As described above, in the present invention, the pressure injected from the nozzle acts on the nozzle in the rotational direction, so the nozzle can be easily rotated. Hard deposits on the wall can be crushed by the high-pressure part of the water jetted from the nozzle, and there is no loss in jet pressure or water volume, and the inside of the pipe can be efficiently and completely cleaned.
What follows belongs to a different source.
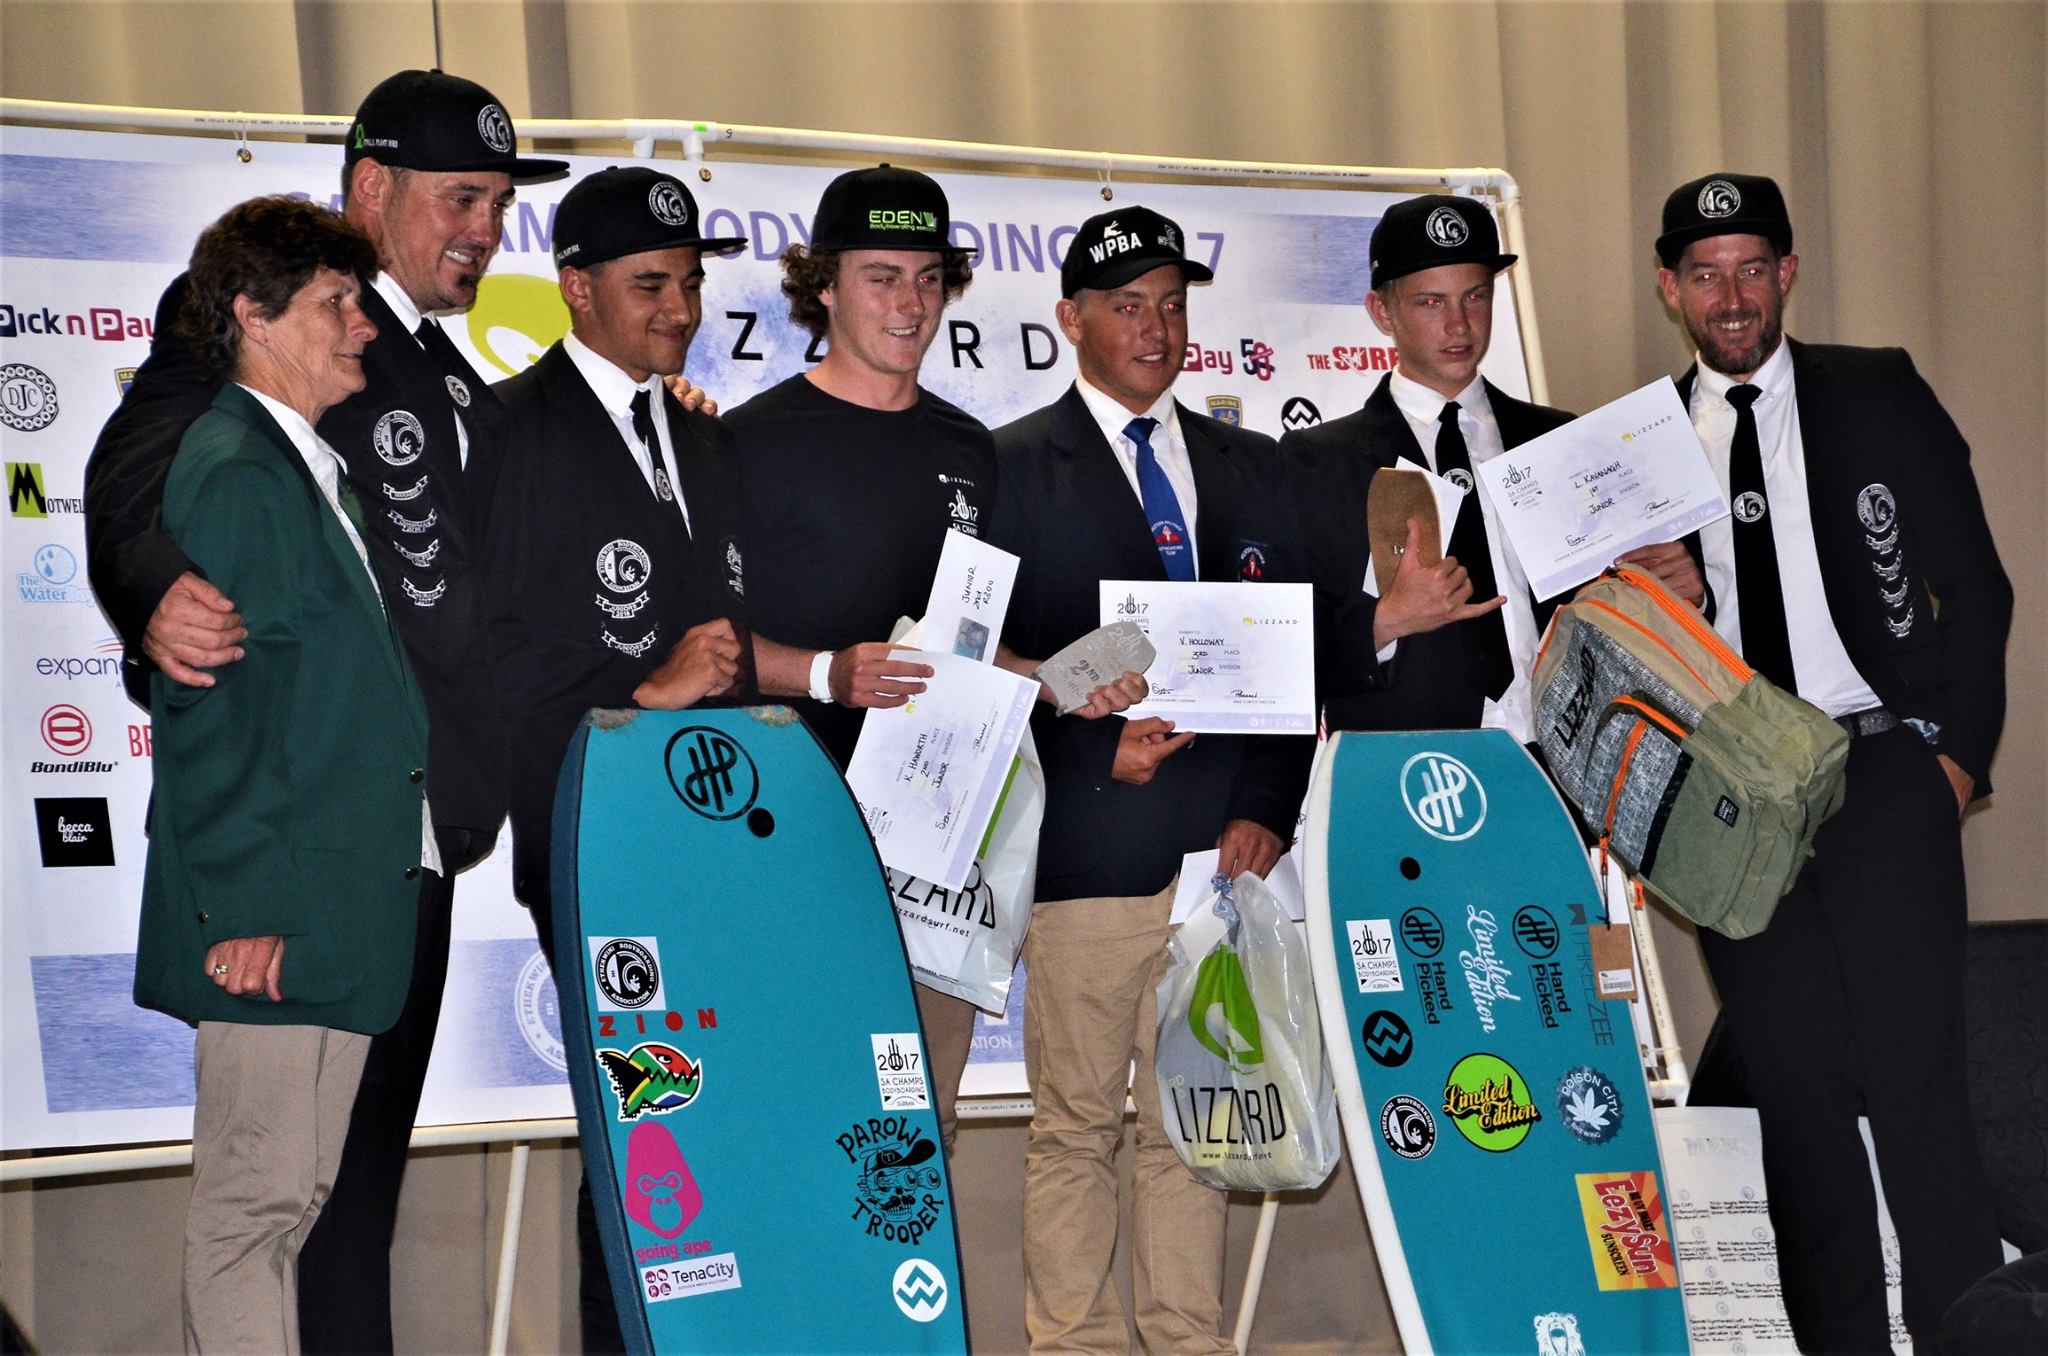 Kade receiving his prize at the Juniors SA Body Boarding Champs
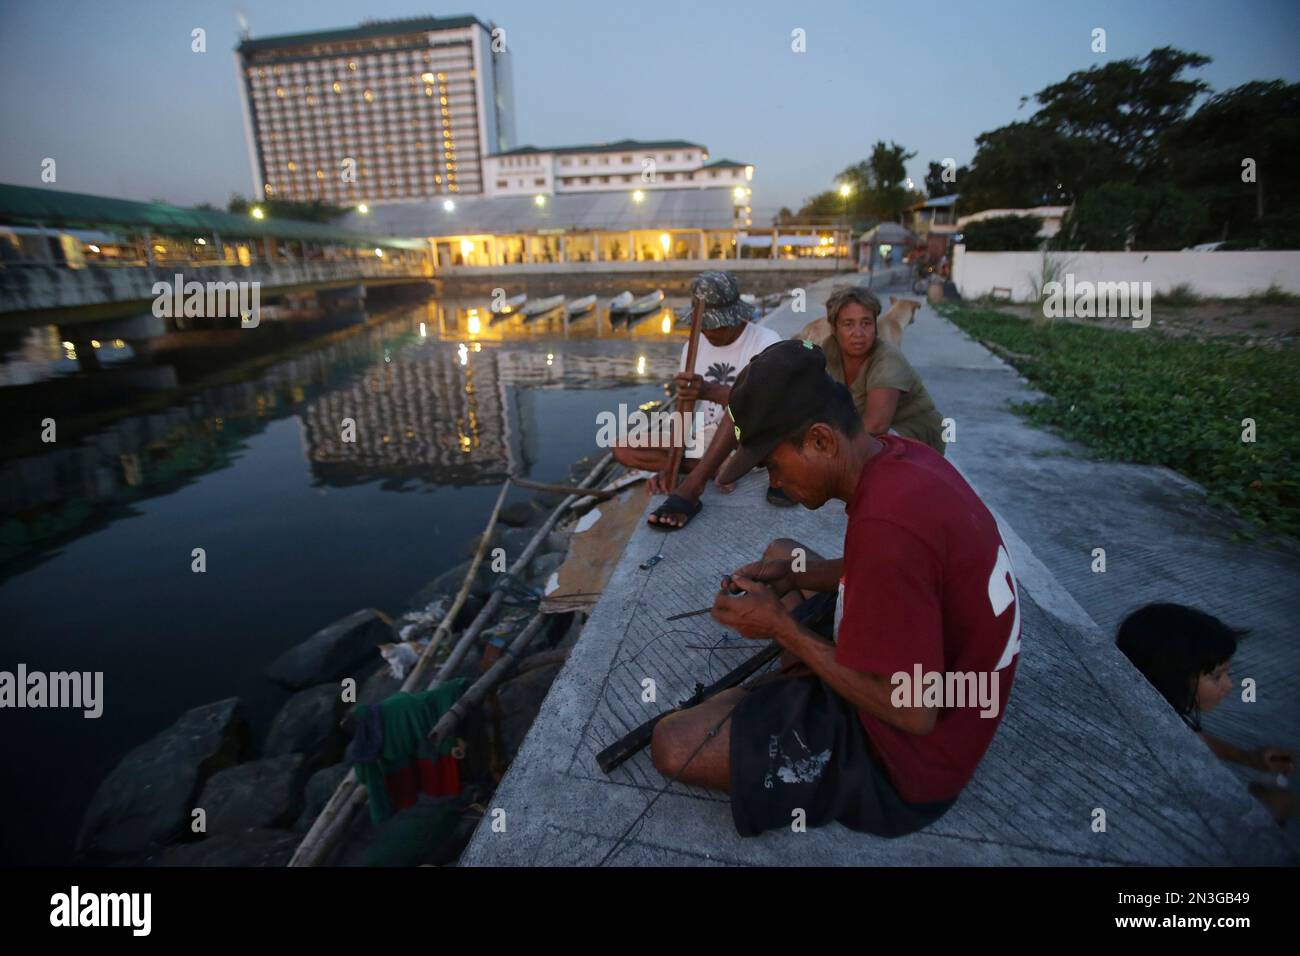 Filipino fisherman Gil Calleo prepares his fishing gear near the Manila  Hotel in Manila, Philippines on Tuesday, Nov. 25, 2014. Calleo spends a  week fishing along Manila Bay and then returns home

[Brief explanation of drawings]

FIG. 1 is a side view, FIG. 2 is a sectional view, FIG. 3 is a sectional view taken along line A-A, and FIG. 4 is an explanatory plan sectional view. FIG. 5 is an explanatory diagram. 2... High pressure hose, 6... Nozzle, 1
1...Snake wire, 14,22,30°36...Connecting rod, 18,26,32.40.
... Guide, 43... Flexible guide patent applicant Masaru Urajo Patent attorney Ayao Nishijima Figure 3 φ Figure 4 (A) (B)

Claims (1)

[Claims] (1) A nozzle is provided at the tip of a high-pressure hose, a flexible guide is connected to the tip of the nozzle, high-pressure water is injected obliquely backward from the nozzle, and the jetting force generates a propulsive force in the nozzle, and the high-pressure In an apparatus for feeding the high-pressure hose into a pipe while rotating the hose and washing the inside of the pipe with high-pressure water jetted from the nozzle, a means is provided for changing the direction of the propulsive force of the nozzle as the high-pressure hose rotates. The nozzle is configured to spirally rotate within the tube along the inner circumferential surface of the tube due to a change in propulsion force, and to communicate with a central shaft hole of the nozzle that communicates with the high pressure hose. , a plurality of injection holes are formed such that one end thereof opens on the outer peripheral surface of the nozzle, and the high-pressure water injection direction of the injection hole is set diagonally rearward with respect to the traveling direction of the nozzle, A rotating cleaning device for drain pipes, etc., characterized in that the nozzle is tilted at a predetermined angle B in the circumferential direction with respect to an axis perpendicular to the outer peripheral surface of the nozzle.